Wet op de inlichtingen- en veiligheidsdiensten 20..

Reactie

Naam - (mr D.W. van Krevelen)
Plaats Bloemendaal
Datum 21 augustus 2015

Vraag1

Wat vindt u van dit voorstel voor een nieuwe Wet op de inlichtingen- en veiligheidsdiensten? U wordt verzocht aan te geven op welke onderdelen van het wetsvoorstel of de memorie van toelichting uw reactie betrekking heeft.
Als uitgever en auteur, maar feitelijk in de eerste plaats als Burger, ben ik bijzonder verontrust over de mogelijke effecten op het Nederlandse rechtstelsel van het voorstel voor een nieuwe wet op de inlichtingen- en veiligheidsdiensten.
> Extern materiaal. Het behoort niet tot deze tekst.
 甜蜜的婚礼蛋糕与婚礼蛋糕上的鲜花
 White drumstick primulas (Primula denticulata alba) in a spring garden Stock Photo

In plaats van dat getracht is om de wetgeving op de veiligheidsdiensten werkelijk in te passen in het rechtssysteem, zodat de justitiële aspecten van de veiligheidsdiensten strikt gescheiden zouden worden van de uitvoerende macht, en zouden worden geïntegreerd in het vigerende stelsel van de rechterlijke macht, wordt het accent in tegendeel geheel verschoven naar exclusieve bevoegdheden van de uitvoerende macht en zijn ambtenaren.
De bevoegdheden van de uitvoerende macht ten aanzien van 'het binnendringen in geautomatiseerde werken' en dergelijke bevoegdheden (art. 30 e.v.) zijn buiten-proportioneel; dergelijke bevoegdheden doen denken aan de maatregelen die in niet-democratische en dictatoriale staten gebruikelijk zijn, maar die in een democratische samenleving als Nederland als onaanvaardbaar moeten worden gekenschetst,
De wijze waarop binnen het wetsvoorstel het toezicht en de klachtenbehandeling worden ingericht, biedt geen enkele garantie dat de veiligheidsdiensten hun bevoegdheden niet zullen kunnen misbruiken, bij voorbeeld indien de op dat moment gekozen regering daartoe de ruimte zou bieden. Aan alle kanten is de mogelijkheid van een eerlijke rechtspleging beperkt of zelfs totaal uitgesloten, bij voorbeeld indien het gaat om een zaak van 'algemeen regeringsbeleid' (art. 109)
De categorische niet-openbaarheid van alle zaken die een rol spelen bij de uitvoering van de wet (art 126) is onnodig en ook onaanvaardbaar. De niet-openbaarheid van uitvoeringshandelingen is slechts nodig en wenselijk bij specifieke aangelegenheden van bij voorbeeld nationale veiligheid.
Dit wetsontwerp getuigt van een beschamende minachting voor de principes van onze democratische rechtstaat. Ik doe dan ook een dringend verzoek aan de Minister van Binnenlandse Zaken en Koninkrijksaangelegenheden om dit wetsvoorstel niet in te dienen bij de volksvertegenwoordiging.